TW201421303A - Touch display device and driving method thereof - Google Patents

Abstract

The invention provides a touch display device including: a lower substrate comprising an inner surface where a thin film transistor array with a plurality of gate electrodes arranged in parallel is formed and an outer surface, an upper substrate comprising an inner surface facing the lower substrate and an outer surface, and a sensing electrode layer formed on the outer surface of the lower substrate or the upper substrate, wherein the plurality of gate electrodes supply driving signals for the sensing electrode layer to sense touch inputs.

Description

Touch display device and driving method thereof

The present invention relates to a touch display device and a driving method thereof, and more particularly to a touch display device using a gate driver to output a touch sensing driving signal and a driving method thereof.

In the touch display technology, the touch sensor needs to have a driving electrode layer and a sensing electrode layer, and the touch sensing driving signals are sequentially output to the driving electrodes in the driving electrode layer, and each of the sensing electrode layers The sensing electrodes are used to sense changes in the signal. When the user's finger or other touch object touches, the coupling capacitance between the electrode layers where the touch position is located may be different due to the addition of the capacitance between the finger and the electrode layer, and the control chip calculates the difference by detecting the difference. Touch location.

In this configuration, regardless of whether the driving electrode layer and the sensing electrode layer are formed on the same plane and bridged through the bridge, or formed on two opposite surfaces of the substrate, multiple masks must be used in the process. The panel's yield and cost are both a big test.

Therefore, various panel manufacturers began to develop single-layer touch sensors in order to reduce manufacturing costs and device thickness. However, most of the current single-layer touch sensing technologies cannot provide multi-touch and high precision, so that the single-layer touch sensing technology can only be applied to lower-order products and cannot improve the product value.

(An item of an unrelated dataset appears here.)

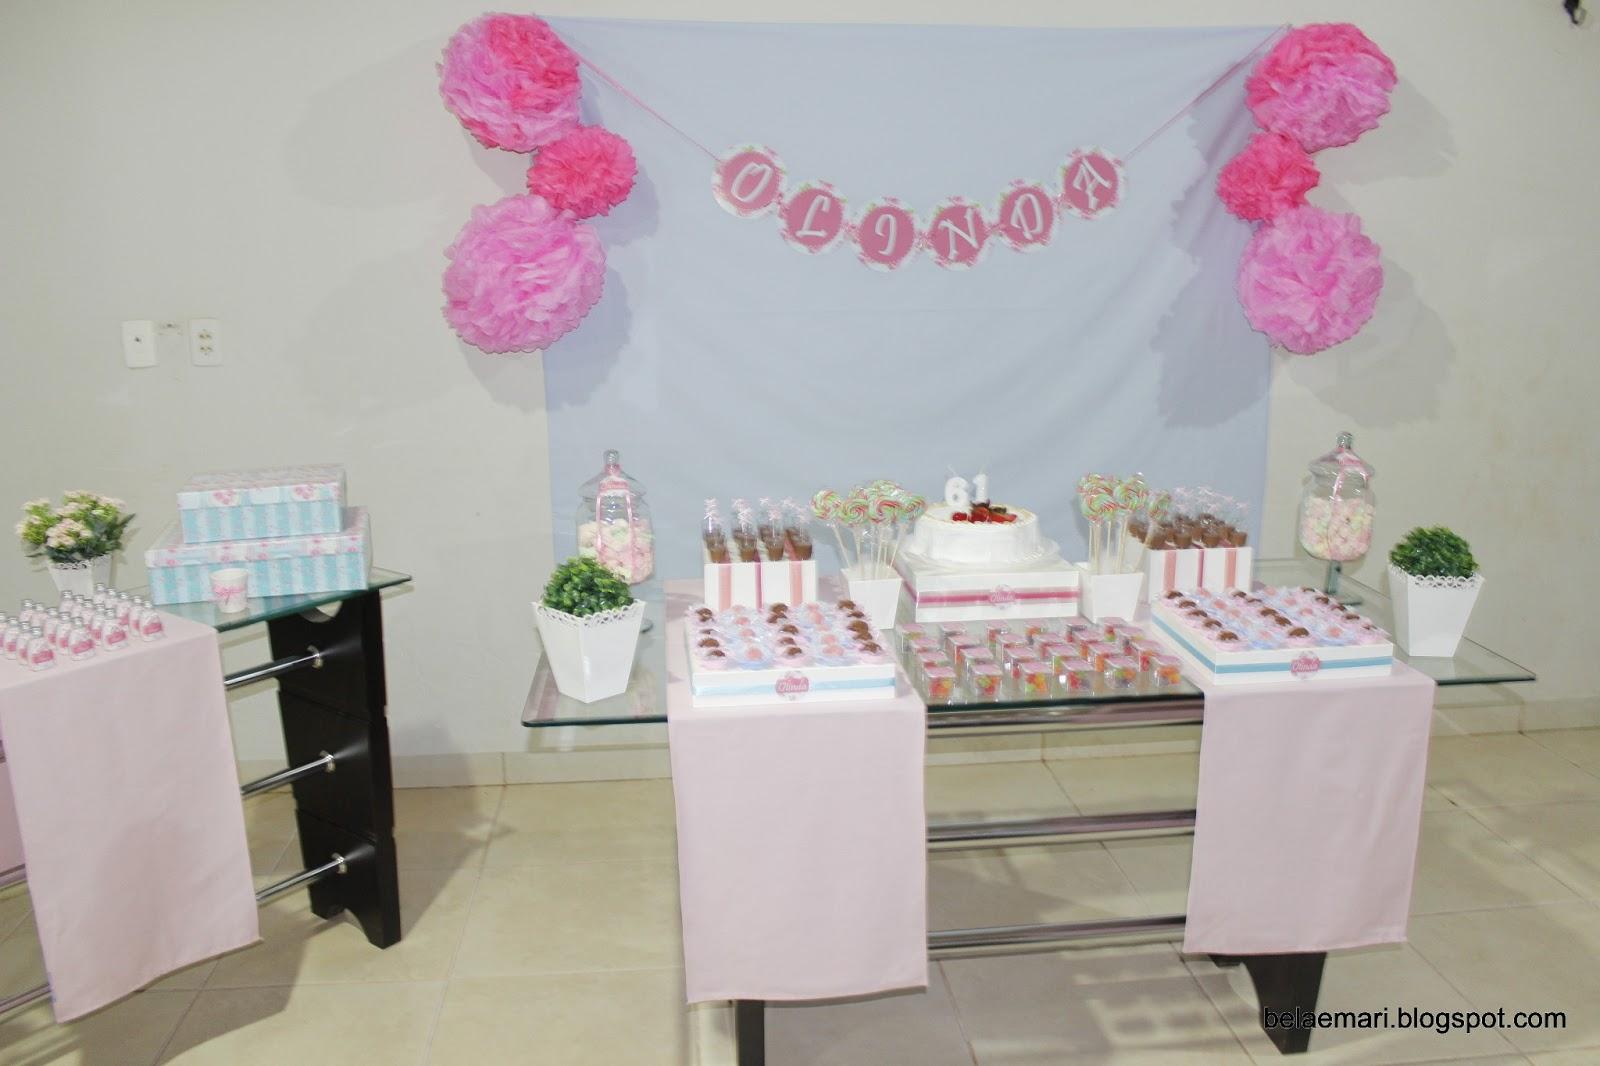 decoracao festa vovó:Blog Bela e Mari: Decoração: Aniversário da Vovó

In view of the above, the present invention provides a touch display device and a driving method thereof, which use a gate driver to output a touch sensing driving signal to achieve a cost reduction and high precision multi-touch requirement.

According to an embodiment, the present invention provides a touch display device comprising: a lower substrate having an inner surface and an outer surface, the inner surface of the lower substrate being formed with a thin film transistor array having parallel arrays a plurality of gate electrodes; an upper substrate having an inner surface and an outer surface, the inner surface of the upper substrate is formed with a color filter; and a liquid crystal layer is formed between the inner surfaces of the upper and lower substrates; And a sensing electrode layer formed on the outer surface of the upper substrate or the lower substrate, wherein the plurality of gate electrodes output a touch sensing driving signal to provide the sensing electrode layer for touch sensing.

In the above touch display device, the sensing electrode layer is composed of a plurality of parallel sensing electrodes arranged in parallel, and the arrangement direction of the plurality of sensing electrodes intersects with the arrangement direction of the plurality of gate electrodes.

In the above touch display device, in the case where the sensing electrode layer is formed on the outer surface of the upper substrate and the inner surface of the upper substrate is further formed with a common electrode layer, the common electrode layer corresponds to the number and arrangement. The plurality of common electrodes of the plurality of sensing electrodes are composed of a common electrode.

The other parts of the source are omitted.